No artist/journalist in living memory epitomises the camera’s extraordinary affinity to the gun in its ability to draw-and-shoot and ‘hunt’ reality, as the late Henri Cartier-Bresson. The work of the French master photographer, whose ‘centenary year’ was launched a few weeks ago with a unique exhibition at the Chicago Art Institute, illustrates that genre of photography now famous as ‘the decisive moment’, drawing attention to the legendary instantaneity of his photographic method.
The Chicago exhibition has been specially curated by David Travis, to foreground Bresson’s sensibility for visual blocking and formal composition, which stemmed directly from his closeness to the works of artists and painters of the period like Picasso, de Chirico, Dali, Mondrian and his own guru Andre Lhote. But there was nothing ‘studied’ about Cartier-Bresson’s work. He believed in the accidental and the chancy moment and has been quoted as saying, “When you are photographing, there’s nothing that you’d call thinking going on.”
The leading ideologue of the Surrealist movement, André Breton — of whom Cartier-Bresson took a great portrait — wrote about his “ultra-receptive posture” to people and events, “as if he wants to help chance along; how should I say, to put himself in a state of grace with chance, so that something might happen.”
By the time Cartier-Bresson passed away (on August 2, 2004, three weeks short of his 96th birthday), he had not been taking photographs for over 30 years — and had, in fact, made several disparaging remarks about photography. Yet his aura and mystique as the ‘master of the moment’ continued.
Around 1976, he had returned to his original love, painting and drawing, assiduously learned from André Lhote, his cubist and surrealist teacher. His sketches and drawings in pencil, charcoal and India ink provide an insight to his graphic sensitivity for the contesting line, plane and texture in the same frame. Transferred on to a photograph, it performs a ‘pure’ act by remaining alert to the possibility of ‘order’ amidst the constant confusion of the visual world.
Cartier-Bresson (born August 22, 1908) quickly became famous as the hunter of the ‘instant’ and it was the 1952 American edition of his book ‘Image a la Sauvette’ (an image taken secretly, without permission), which was titled the ‘Decisive Moment’, an expression originally attributed to 17th Century French writer, Cardinal Retz. Though it was not a catch-phrase Cartier-Bresson himself coined, it stuck to all future descriptions of his photographic method.
He often described his picture-taking method, employing the imagery of a hunter or a fisher. He used to say, “When photographing, one is alas, always an intruder,” referring to the camera’s invasive properties and its implication in the regimes of spying and surveillance — which have become so problematic in recent times. He said, “Approach the subject on tiptoe… Let your steps be velvet but your eyes keen. A good fisherman does not stir up the water before he starts to fish.” Explaining why he never went into the darkroom to process his films — leaving it in the masterly hands of the equally legendary Pierre Gassman — he used to say: “I’m only a hunter, not a cook.”
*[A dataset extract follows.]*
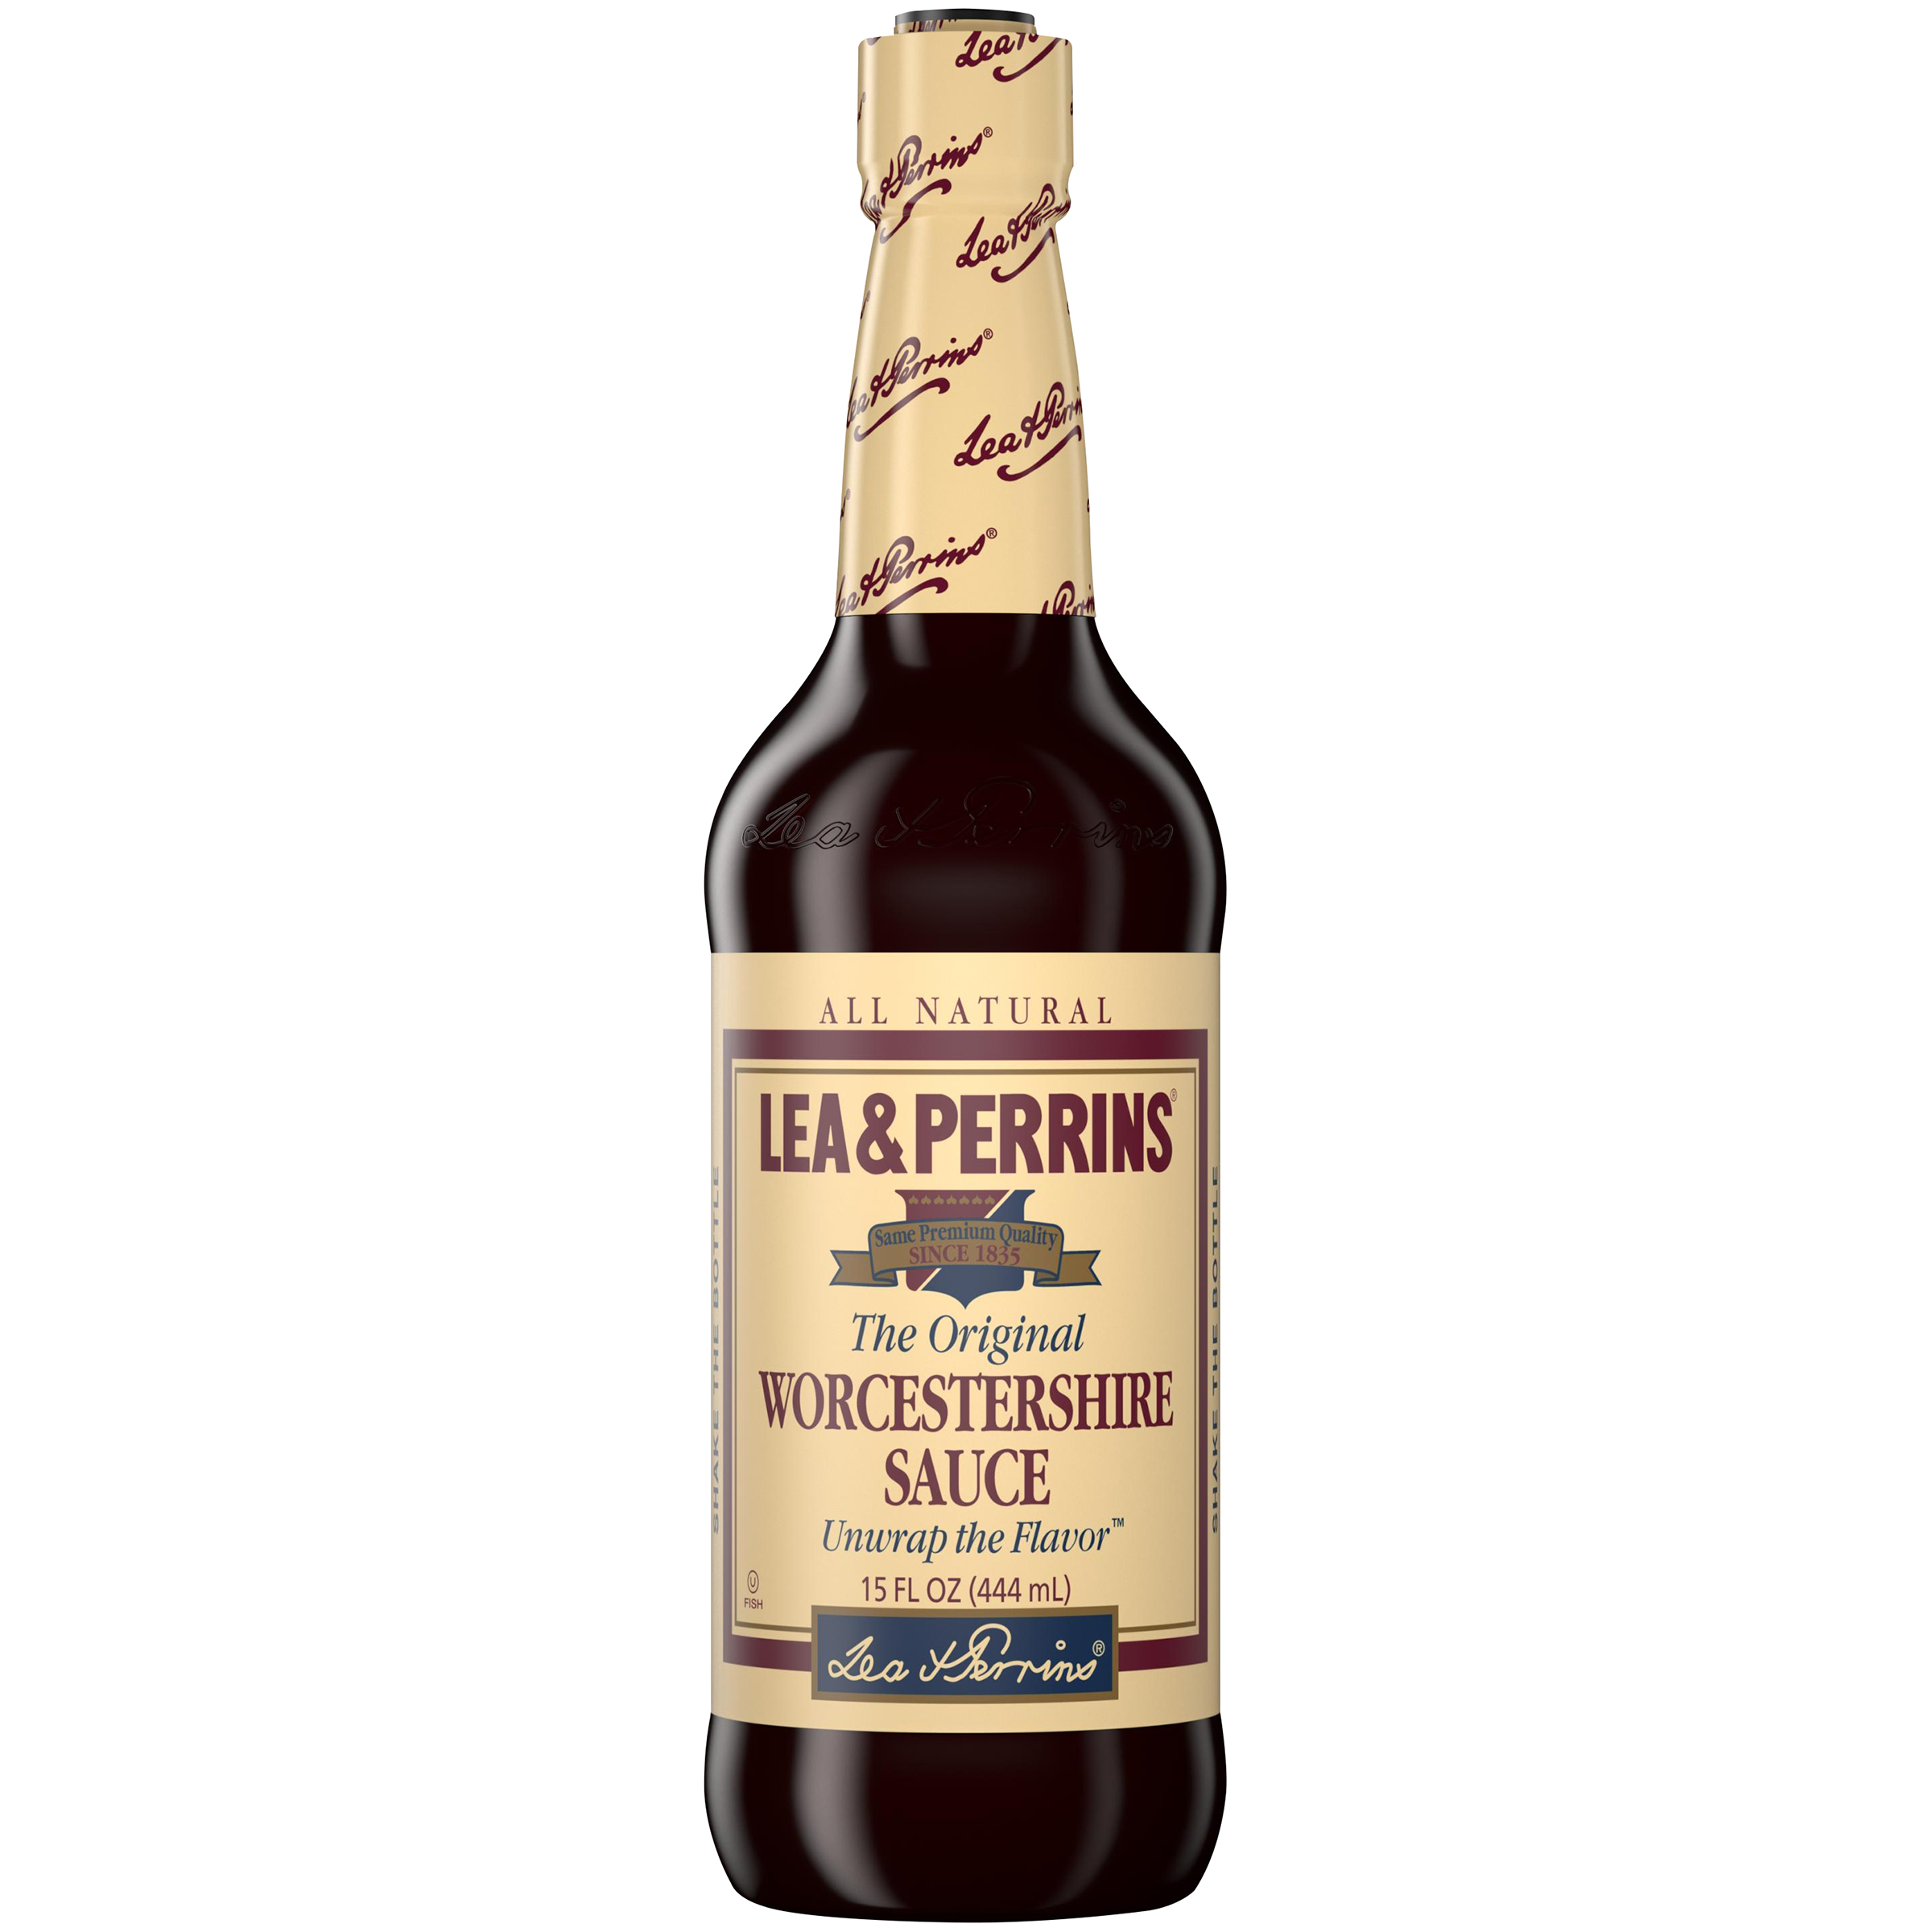 Lea & Perrins? The Original Worcestershire Sauce 15 fl. oz. Bottle
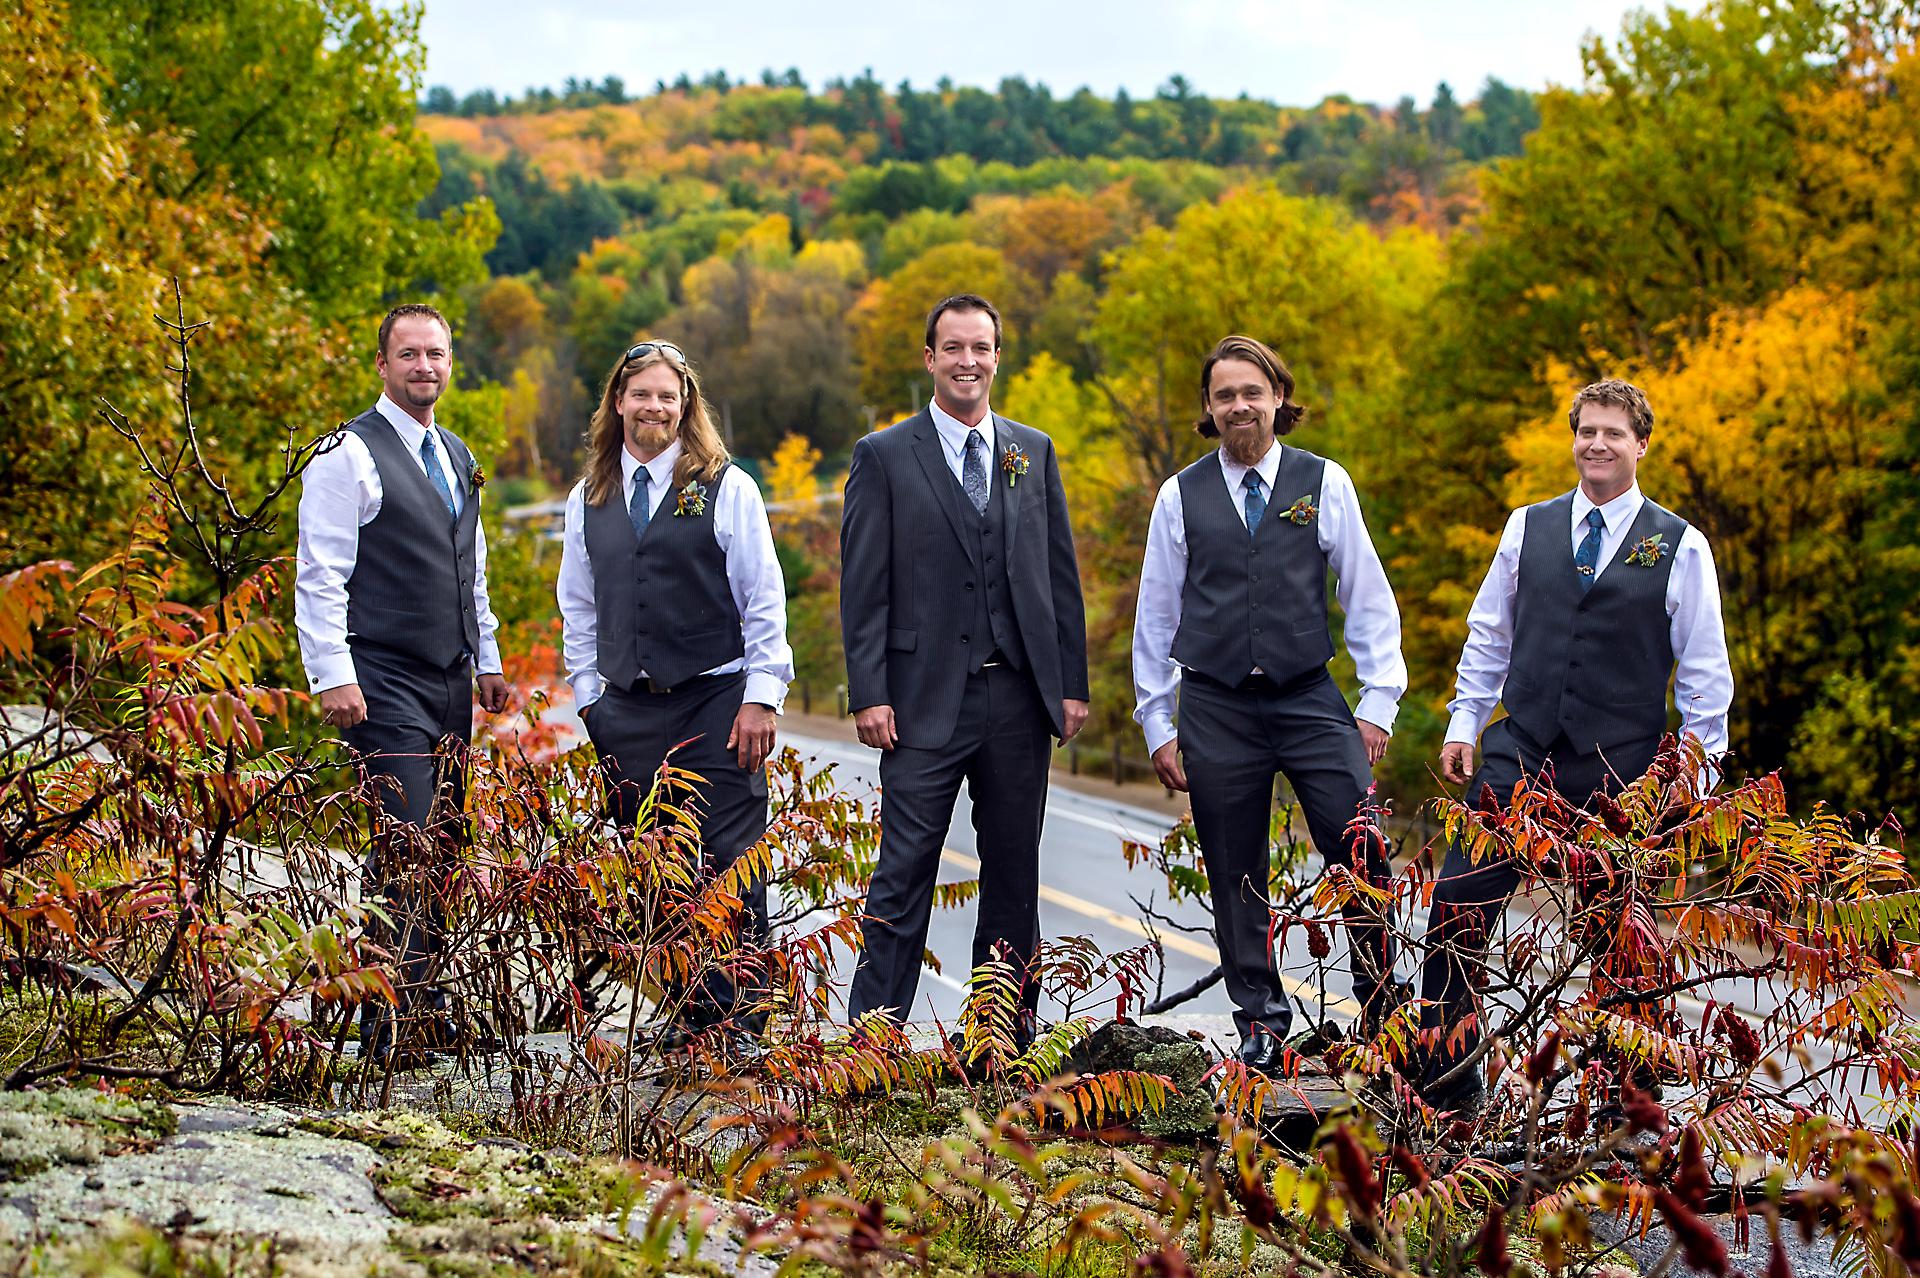 Nathan & Linda | Brooksfield Farms Wedding | Muskoka Wedding Photography16

Elsewhere he wrote: “We photographers are people who supply information to a world in haste and swamped willy-nilly in a morass of printed matter. This abbreviation of statement, which is the language of photography, is very potent; we express in effect a judgment of what we see and this demands intellectual honesty. We work in terms of reality, not of fiction, and must therefore ‘discover’ and not ‘fabricate’.”
Ironically, Cartier-Bresson’s funeral in a little village close to Avignon, in the South of France, was kept ‘camera-free’ and no-one took a picture, in deference to his lifelong wish for visual anonymity. He studiously avoided being photographed himself and went to great lengths to prevent his own image appearing anywhere.
I belong to that minuscule international fraternity of people who were permitted to photograph the photographer. One felt very brash, asking permission to photograph him. But then, I thought, it is not just history one needs to record; sometimes one needs to record the historian too.
Cartier-Bresson’s work with the camera provides identity to the middle decades of the twentieth century. However, for many of us, bang inside a new universe of digital manipulation which is reinventing the meaning of ‘photography’, what will ring true is his impassioned, inspirational artistic voice: “To take photographs is to hold one’s breath, when all faculties converge in the face of fleeting reality… It means to recognise, simultaneously and within the fraction of a second, both the fact itself and the rigorous organisation of visually perceived forms that give it meaning. It is putting one’s head, one’s eye and one’s heart on the same axis. It is a way of life.”